#### INFORMATION SUPPLIED ####

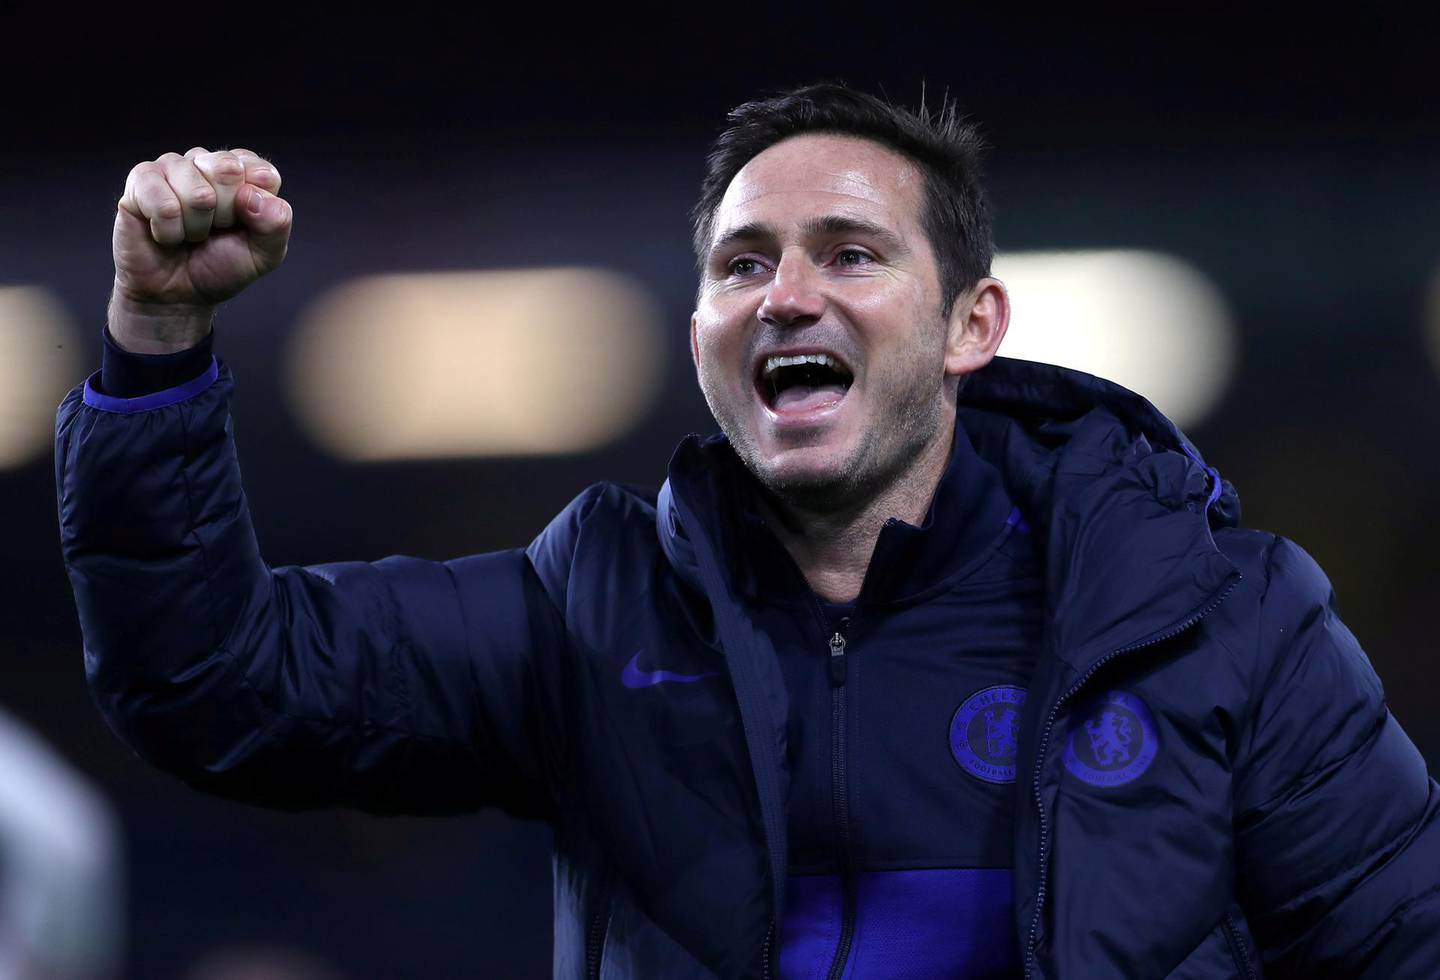 FILE PHOTO: Soccer Football - Premier League - Burnley v Chelsea - Turf Moor, Burnley, Britain - October 26, 2019  Chelsea manager Frank Lampard celebrates after the match   Action Images via Reuters/Lee Smith  EDITORIAL USE ONLY. No use with unauthorized audio, video, data, fixture lists, club/league logos or "live" services. Online in-match use limited to 75 images, no video emulation. No use in betting, games or single club/league/player publications.  Please contact your account representative for further details./File Photo
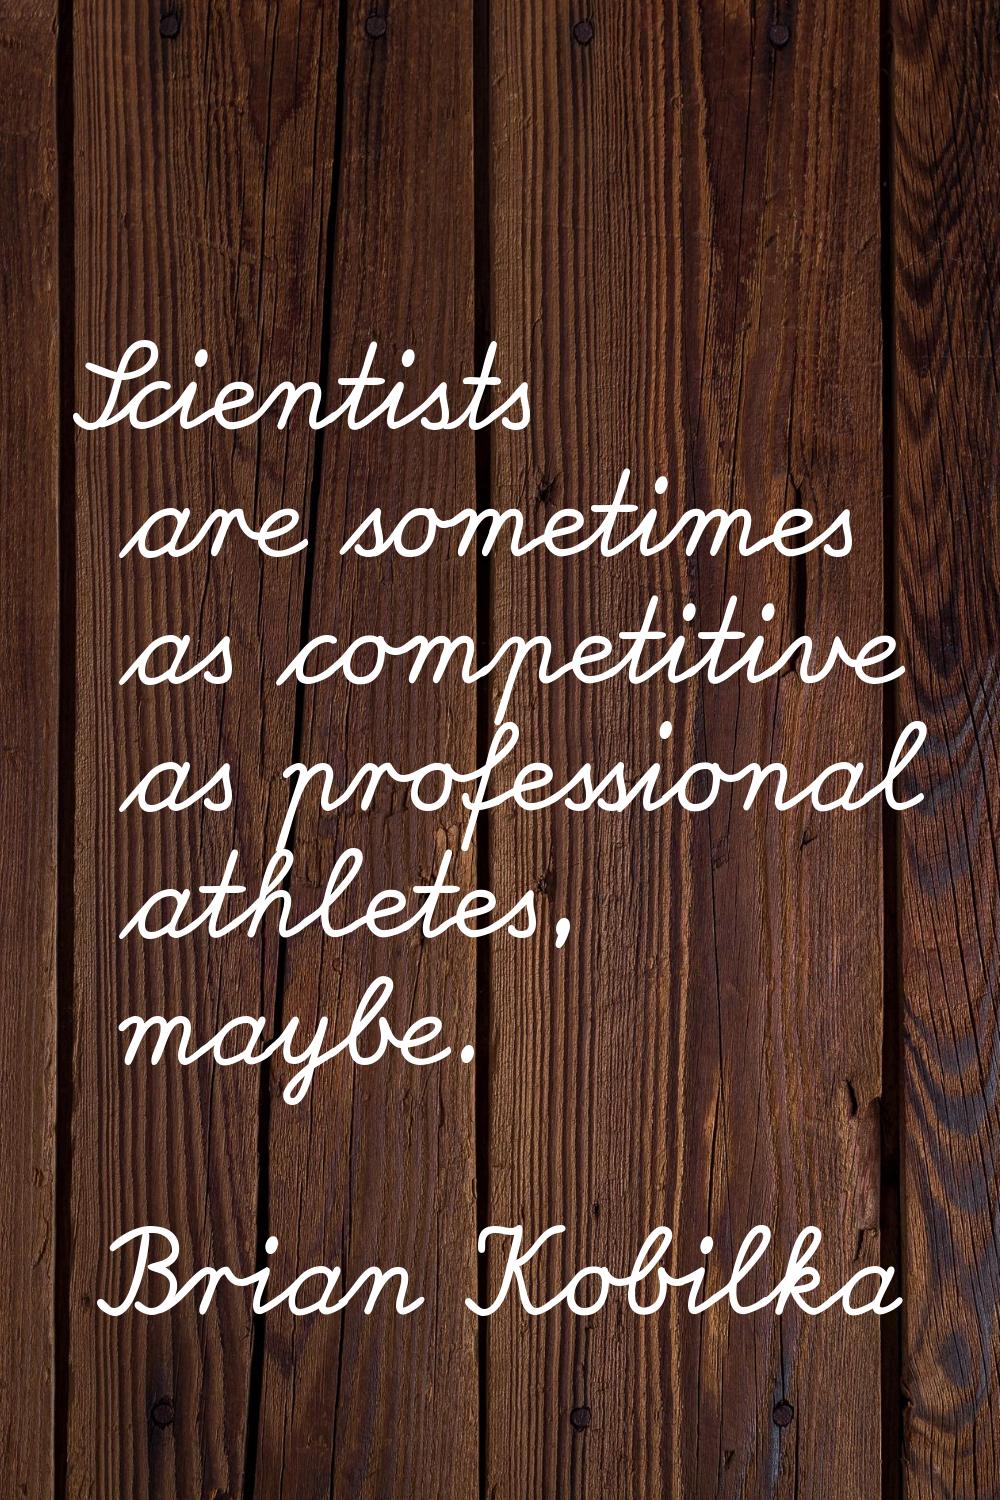 Scientists are sometimes as competitive as professional athletes, maybe.
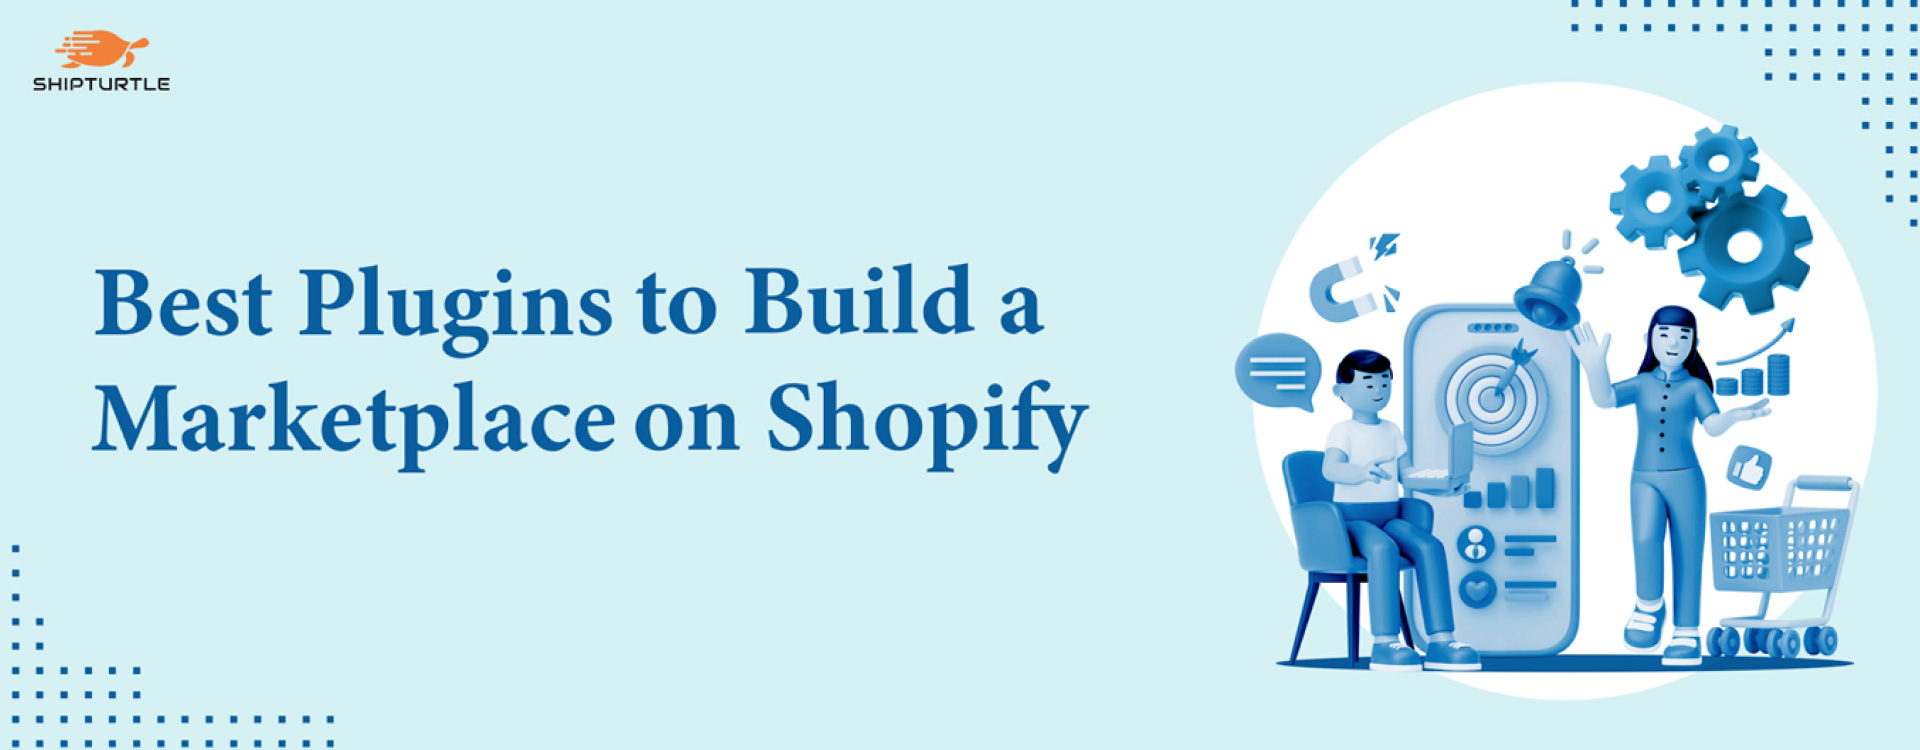 Top Shopify Plugins To Build A B2C Marketplace 

####

PROBLEM REQUIREMENTS » Leave out every picture and copy verbatim the lines running from the line containing "Scientists are sometimes" through the final line of the data.

ANSWER SPACE »
 Scientists are sometimes as competitive as professional athletes, maybe.
 Top Shopify Plugins To Build A B2C Marketplace 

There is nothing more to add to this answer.